# [Data section]

===============

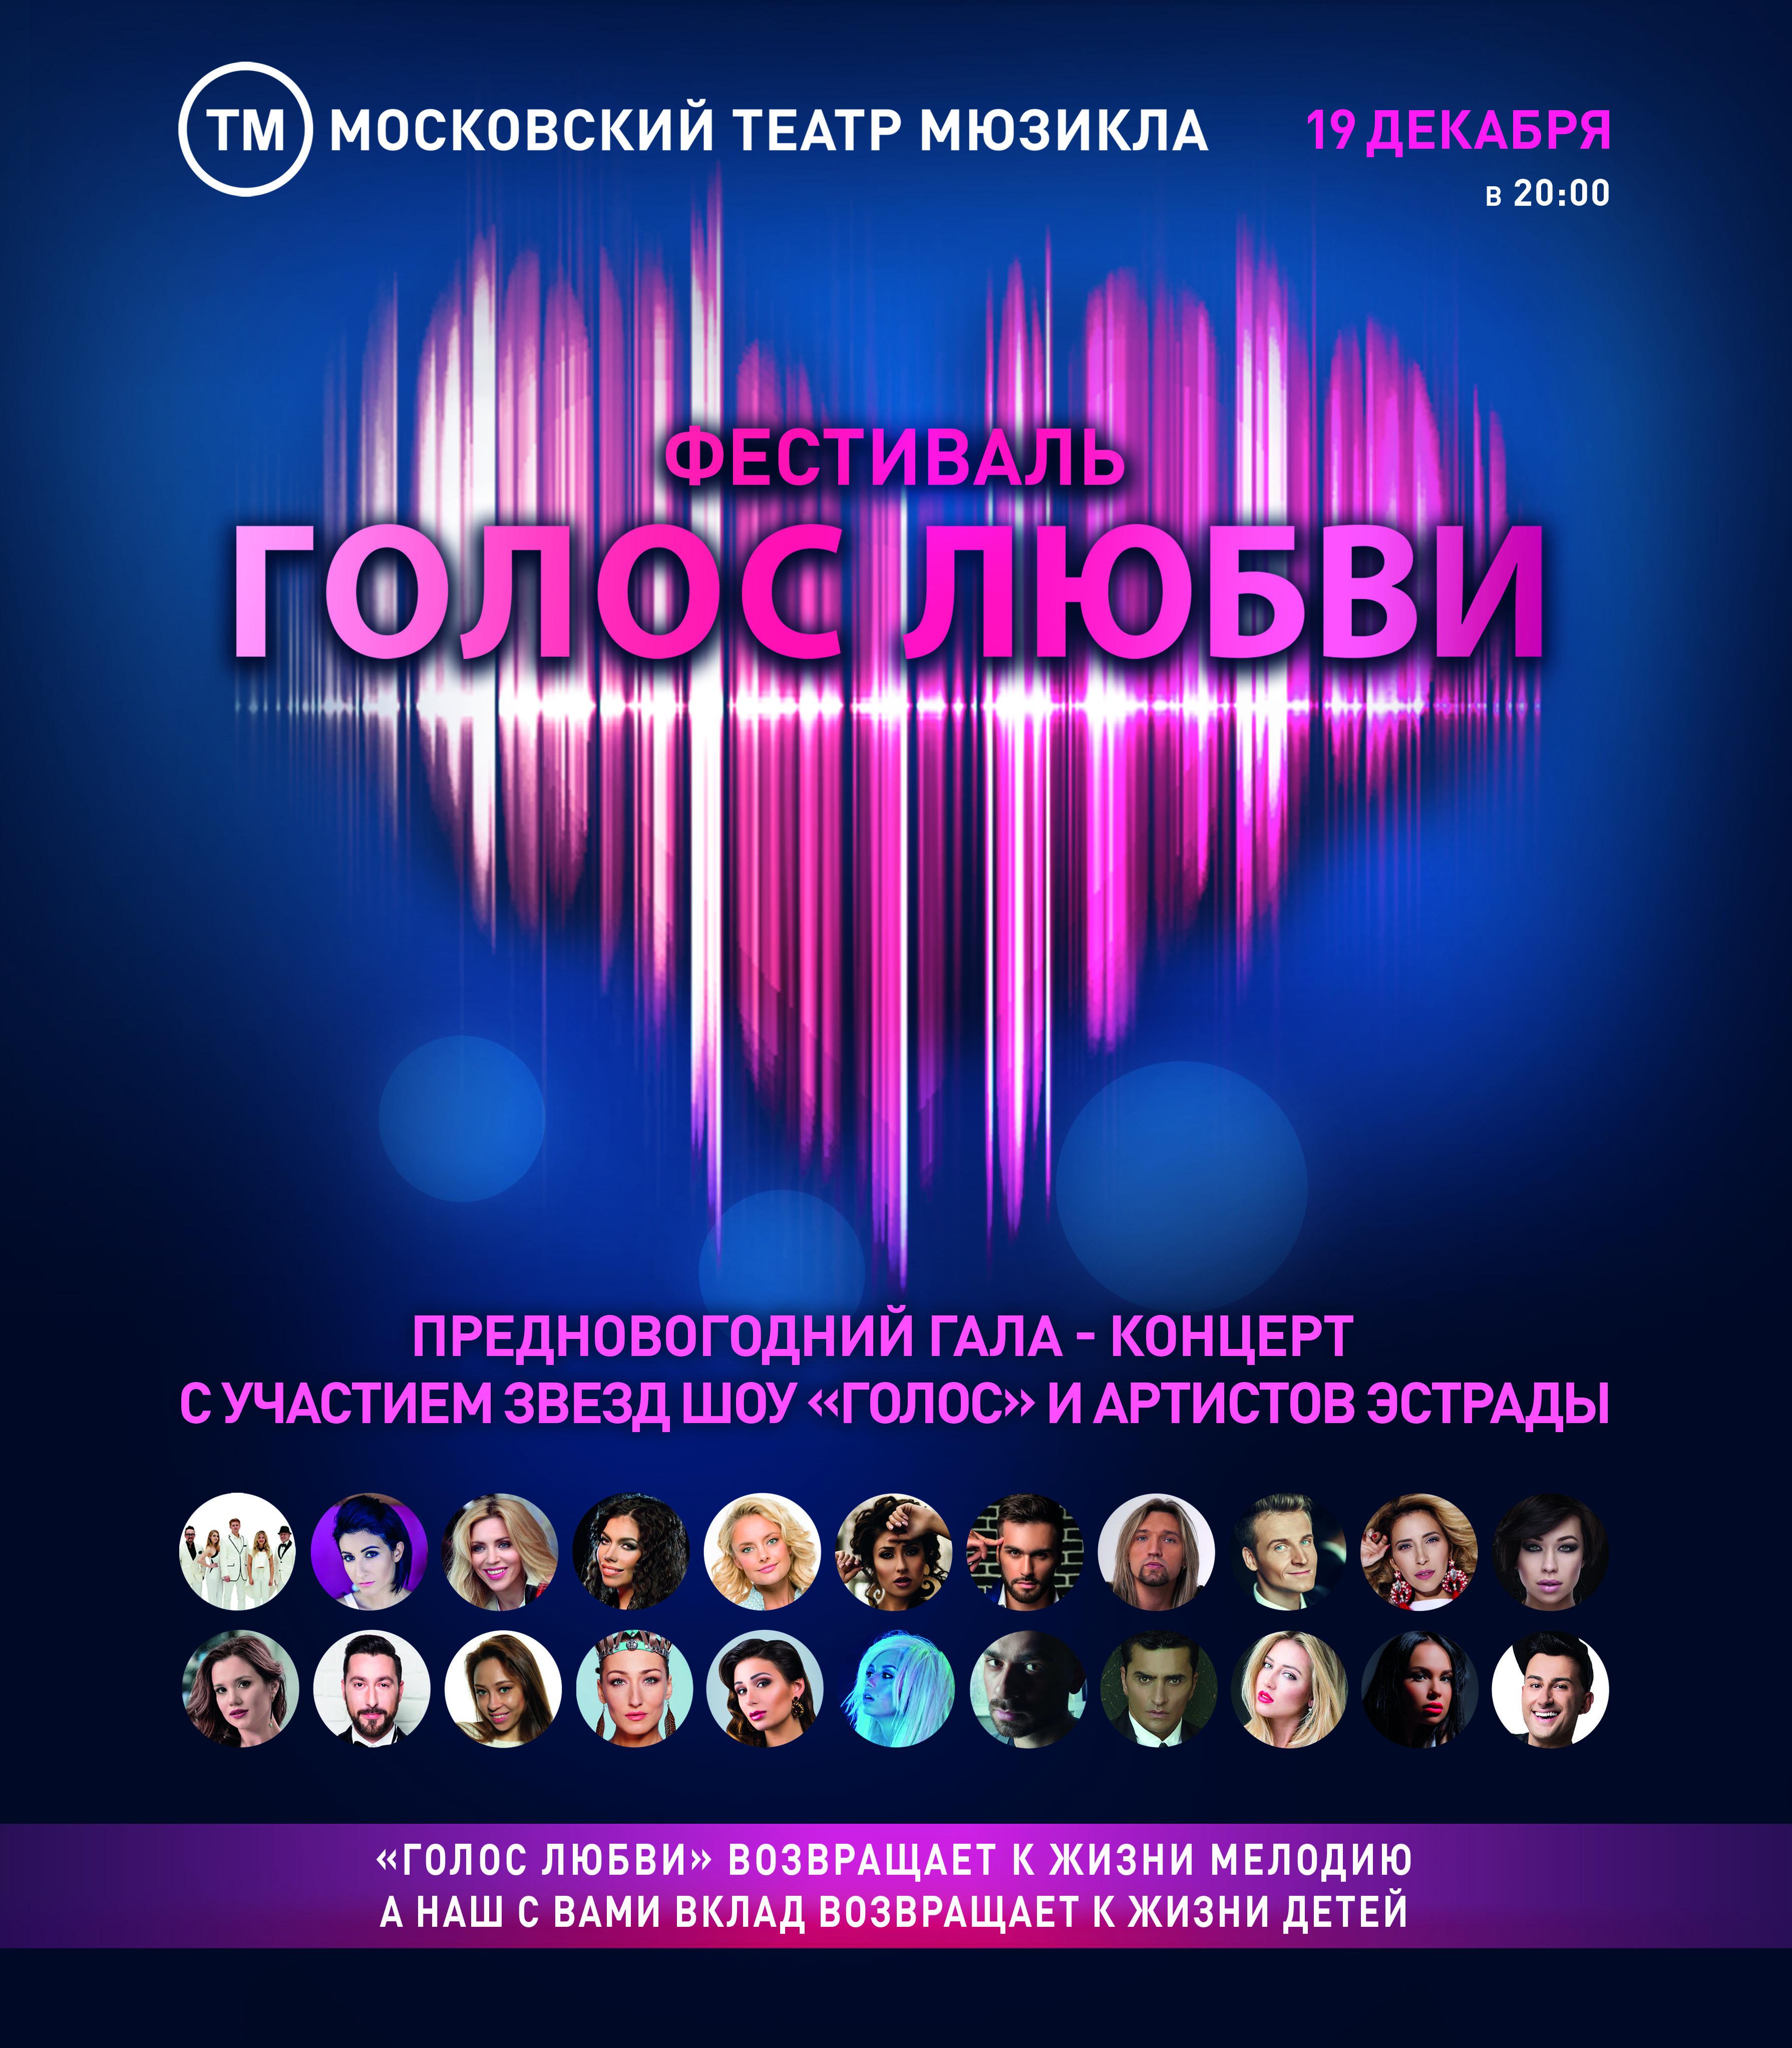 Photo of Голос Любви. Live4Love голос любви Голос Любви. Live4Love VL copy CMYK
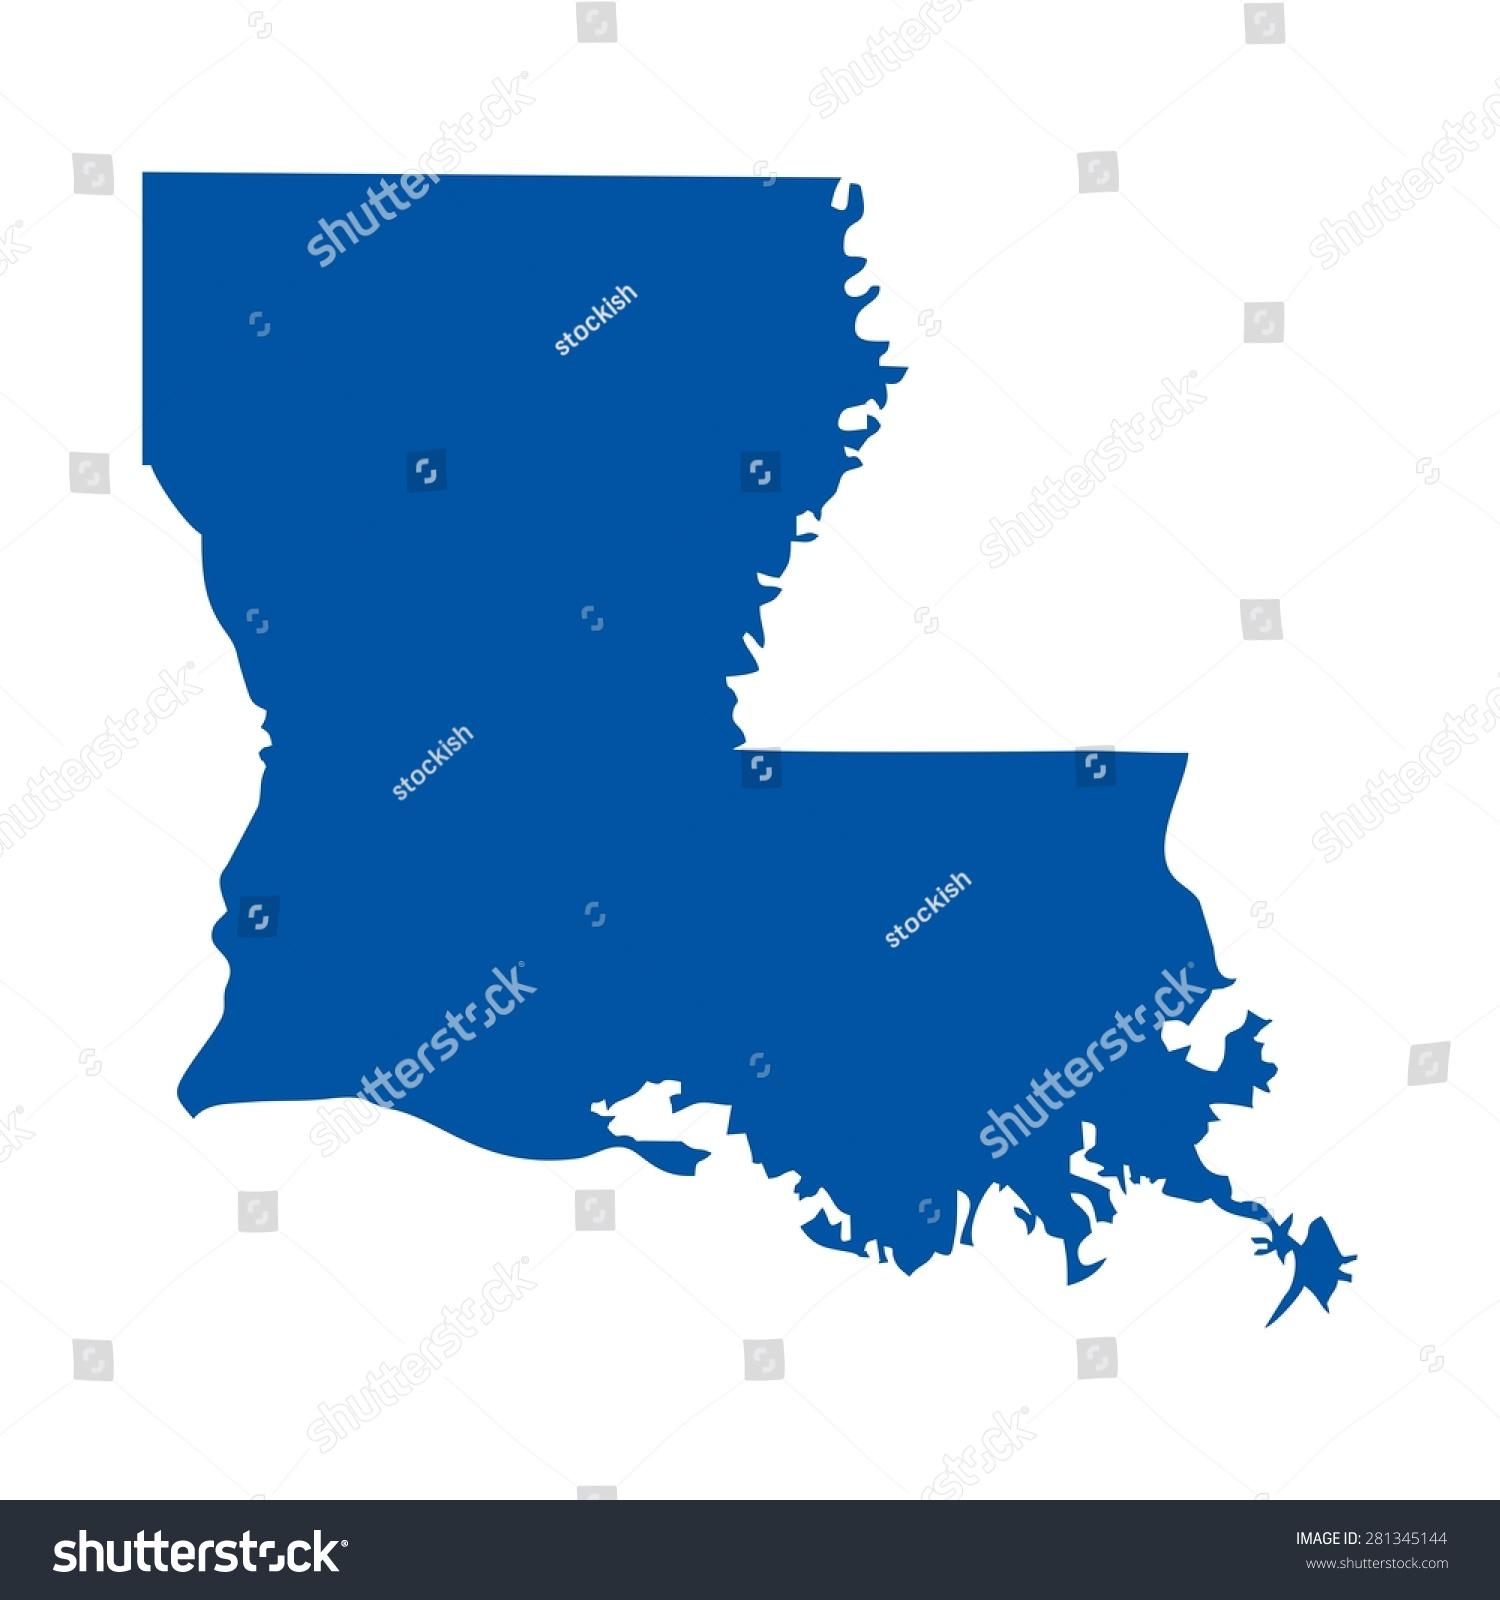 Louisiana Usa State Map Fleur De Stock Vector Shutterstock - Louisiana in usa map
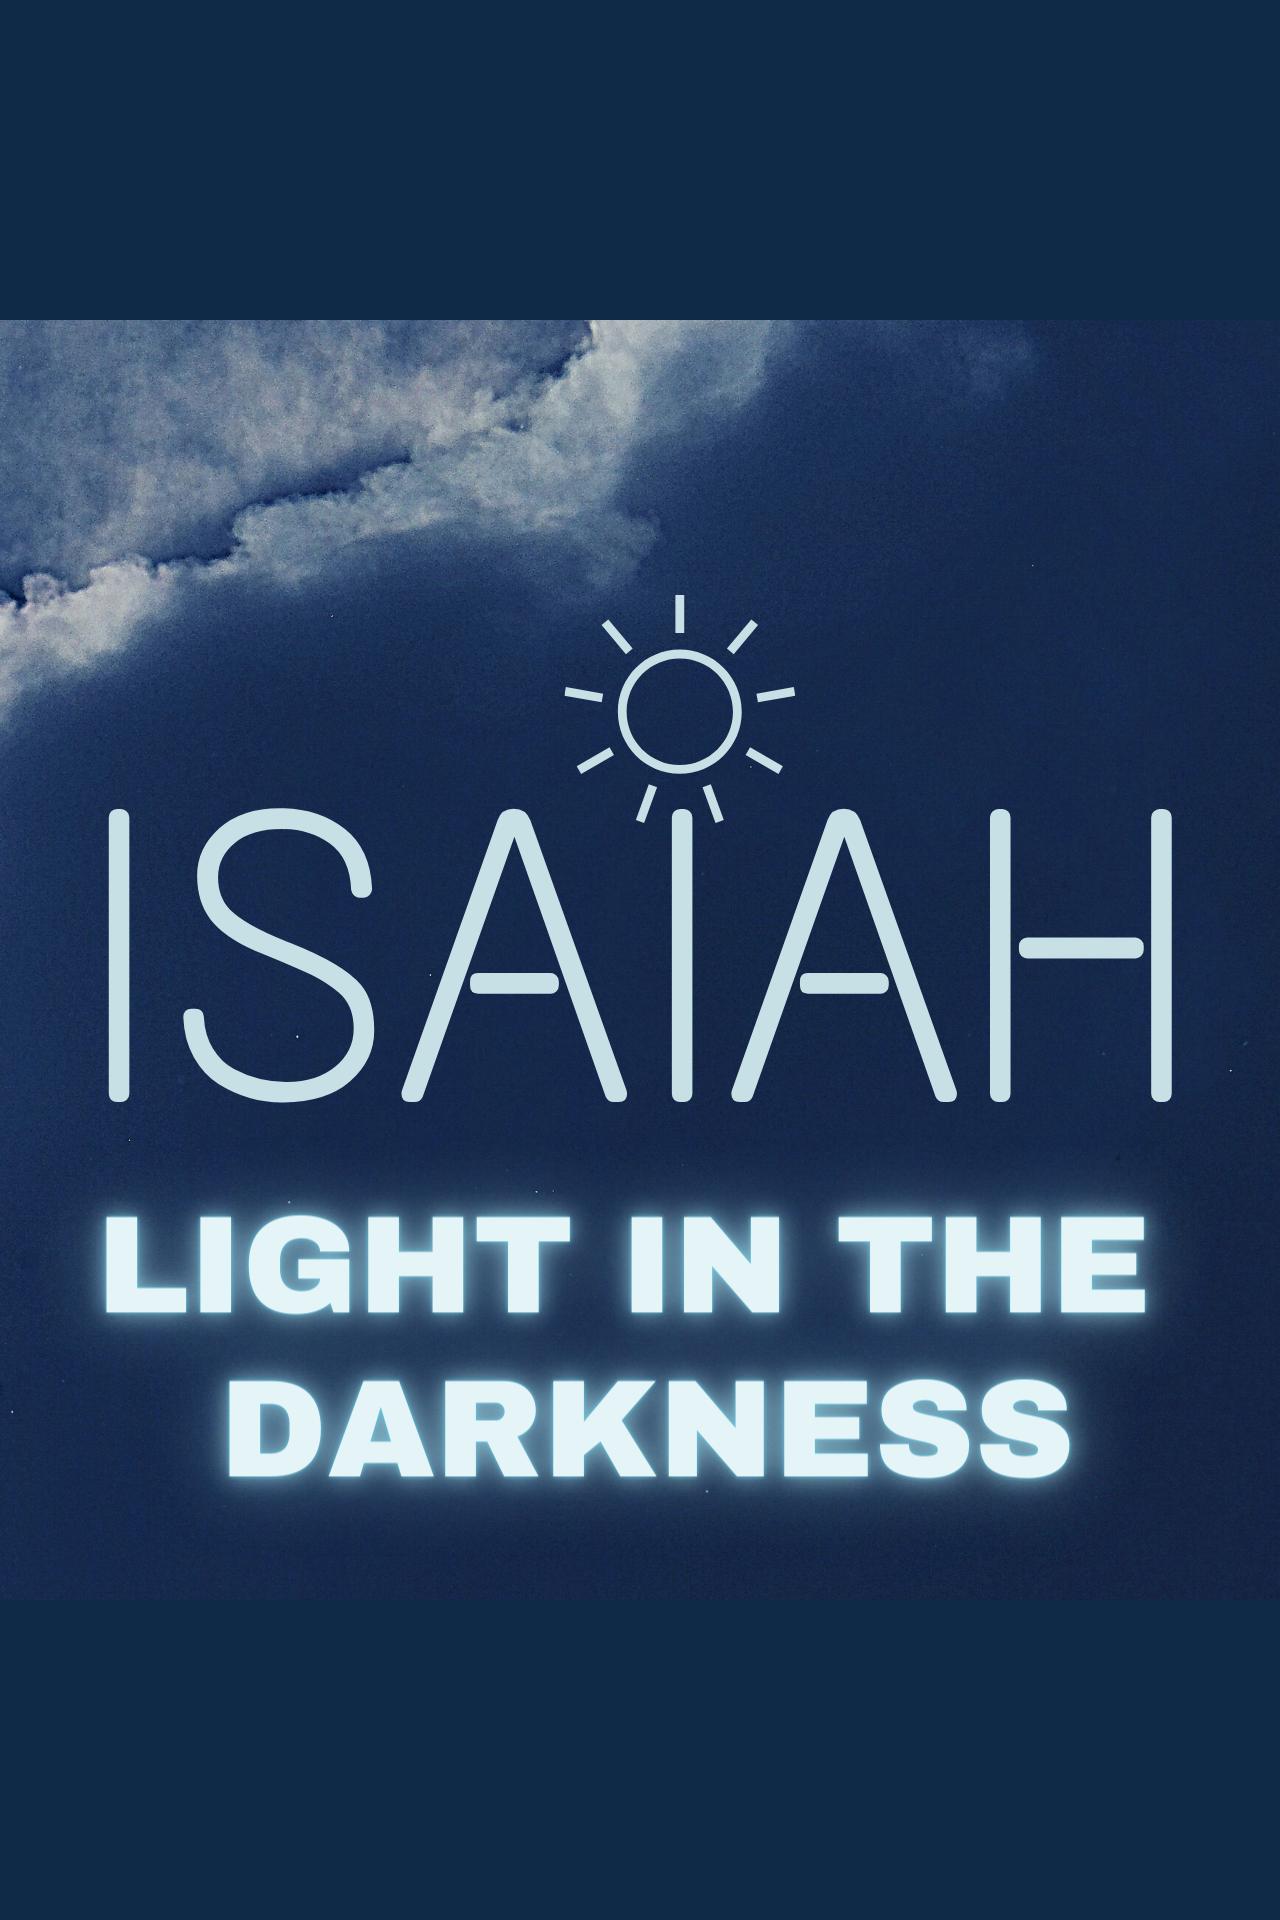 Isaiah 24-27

===============

# [Aim of the task]
Dropping every picture, restate the material word for word.

# [Written response]
 Photo of Голос Любви. Live4Love голос любви Голос Любви. Live4Love VL copy CMYK
 Louisiana Usa State Map Fleur De Stock Vector Shutterstock - Louisiana in usa map
 Isaiah 24-27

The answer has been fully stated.